Department of Microbiology and Immunology, College of Veterinary Medicine, Cornell University, Ithaca, New York 14853-6401
Received 15 June 2007/ Returned for modification 26 July 2007/ Accepted 17 September 2007
Chemokines play an important role in inflammation and infection due to their ability to recruit cells of innate and adaptive immunity. Here we examined mouse macrophage chemokine responses during intracellular infections with high- and low-virulence Toxoplasma gondii strains.
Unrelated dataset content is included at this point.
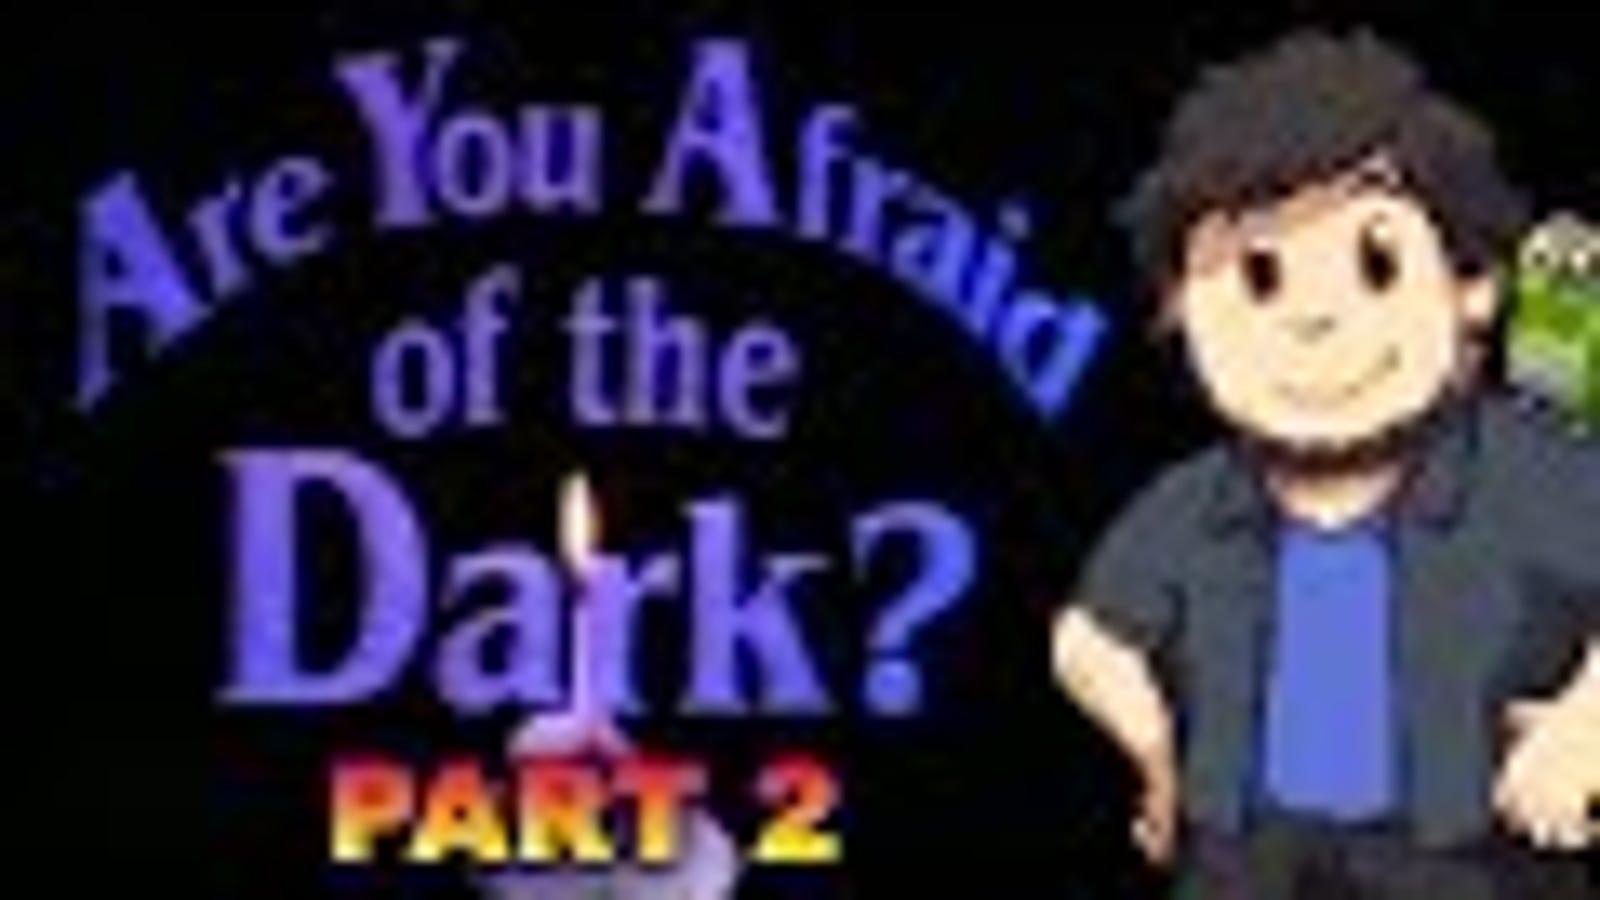 JonTron - Are You Afraid of the Dark? (PART 2)

The high-virulence type I strain RH induced a large panel of CC-type chemokines, whereas responses elicited by strains PTG (type II) and M7741 (type III) were much weaker. Strikingly, the T. gondii-induced chemokine response occurred independently of signaling through the Toll-like receptor adaptor MyD88. Instead, production of chemokines during infection was heavily dependent upon phosphoinositide-3-kinase signaling pathways. Because infection with type I strains such as RH results in an uncontrolled proinflammatory cytokine response, we hypothesize that this virulence phenotype is a consequence of early strong induction of chemokines by type I, but not type II or III, Toxoplasma strains.
Published ahead of print on 1 October 2007.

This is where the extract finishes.